After completing the preceding configurations, we can start dubbo-provider, web-api-demo, and demo-gateway applications in sequence and access them through the gateway portal. localhost:8090/demo/timeObtain the current time. After the service is triggered, you can view the three applications in the Sentinel console. You can view the access information on the monitoring page, indicating that the access is successful.

On the cluster point link page of each application, you can see some tracking calls of the current application. For example, Web applications can see Web URL and Dubbo consumer calls:

throttling rules

the following is a simple flow control rule. On the Dubbo provider, go to the cluster link page com.alibaba.csp.sentinel.demo.dubbo.FooService:getCurrentTime(boolean)this service call configures a throttling rule, which must have been viewed before it can be seen. We configure a throttling rule with a QPS of 1, which indicates that the call to this service method cannot exceed once per second. If it exceeds the QPS, it will be rejected directly.

Click the Add New button, successfully added rules.

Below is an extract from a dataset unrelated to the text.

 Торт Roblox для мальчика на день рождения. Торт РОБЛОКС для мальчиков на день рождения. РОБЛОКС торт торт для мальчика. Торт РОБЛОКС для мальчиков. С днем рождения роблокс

We can repeatedly request in the browser localhost:8090/demo/time(The frequency is not too slow), you can see the flow limiting exception message (Dubbo provider the default flow limiting processing logic is to throw an exception, the exception message is directly returned by Dubbo, the default error page is displayed by Spring:

on the real-time monitoring page, you can view the real-time access and rejection:

We can also configure rate limiting rules at the Web API to observe the effect. Spring Web the default throttling logic is to return the default prompt (Blocked by Sentinel) with the status code 429. The following sections describe how to customize the flow control processing logic.

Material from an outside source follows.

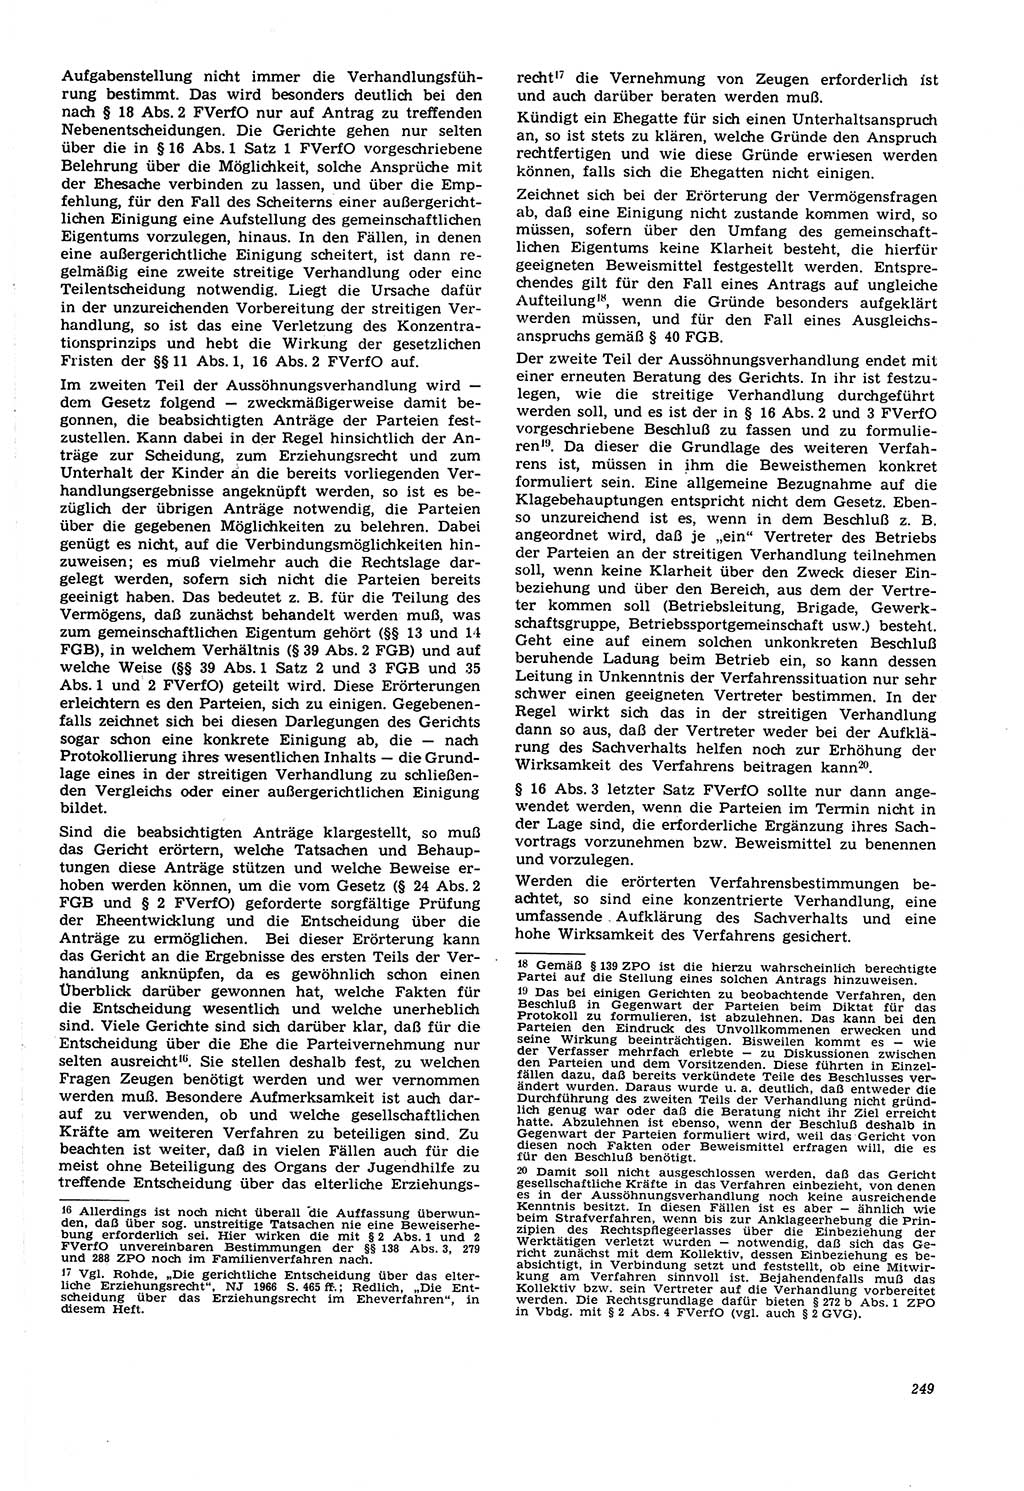 Neue Justiz (NJ), Zeitschrift für Recht und Rechtswissenschaft [Deutsche Demokratische Republik (DDR)], 21. Jahrgang 1967, Seite 249 (NJ DDR 1967, S. 249)

After understanding the basic usage of throttling, you may want to ask: do I need to configure throttling rules for each interface in the production environment? What if the threshold does not match? In fact, the configuration of throttling and degradation needs to be combined with capacity planning and dependency sorting. We can use stress testing tools such as JMeter or Alibaba Cloud PTS to perform full-link stress testing on our services to understand the maximum capacity of each service and determine the maximum capacity of core interfaces as the QPS threshold.

Gateway throttling rules

Sentinel has customized the throttling scenario for API Gateway, and supports throttling for gateway routes (such as foo-service-route defined in the Gateway) or custom API groups, supports throttling for request attributes, such as a header. You can customize an API Group in the Sentinel console, which can be considered as a combination of URL matching. For example, you can define an API called my_api, and the request path mode is /foo/**and /baz/**all belong to the API Group my_api. Throttling can be performed for this custom API Group dimension.

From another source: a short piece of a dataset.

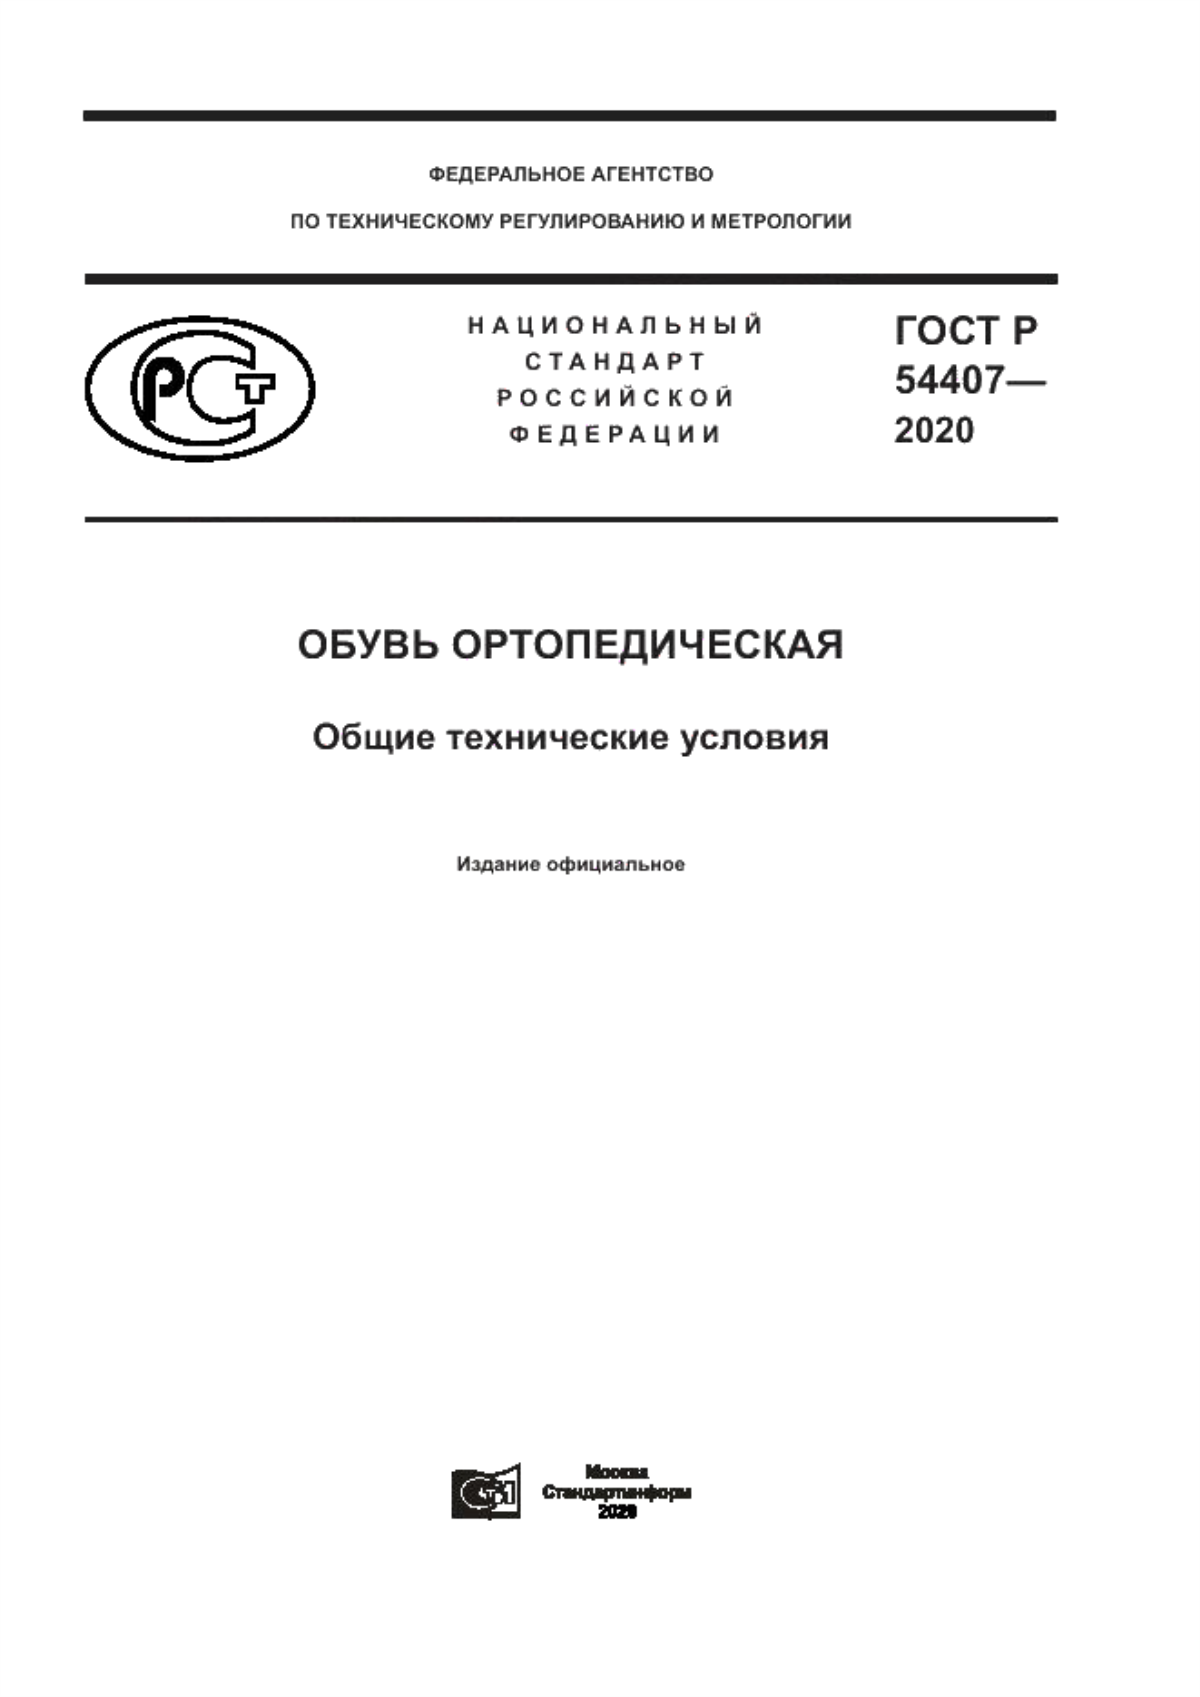 ГОСТ Р 54407-2020 Обувь ортопедическая. Общие технические условия

Configure a gateway flow control rule in the console. We can see that the console page of API Gateway is different from that of common applications. These are customized for Gateway scenarios. Sentinel gateway throttling rules can extract the request attributes of a route, including the remote IP, header, URL parameters, and cookie, and can automatically count and limit the hotspot values, you can also limit a specific value (for example, to limit a uid).

The foo-service-route route route is configured with a gateway throttling rule for request attributes. This rule limits each hotspot uid parameter extracted from the URL parameter. The maximum number of requests per minute is 2.

After the rules are saved, we can construct some requests to backend services with different uid parameters (even if they are not used), such localhost:8090/demo/time?uid=xxx. We can observe that a throttling page appears when the access of each uid exceeds twice per minute.

For more information about how to configure Sentinel gateway throttling, see gateway throttling.

Fusing degradation rules

fusing degradation is usually used to automatically cut off unstable services to prevent cascading failures caused by the caller being dragged down. Fusing degradation rules are usually performed on the caller. Weak dependency calls the predefined fallback value is returned during fusing. This ensures that the core link is not affected by unstable bypass.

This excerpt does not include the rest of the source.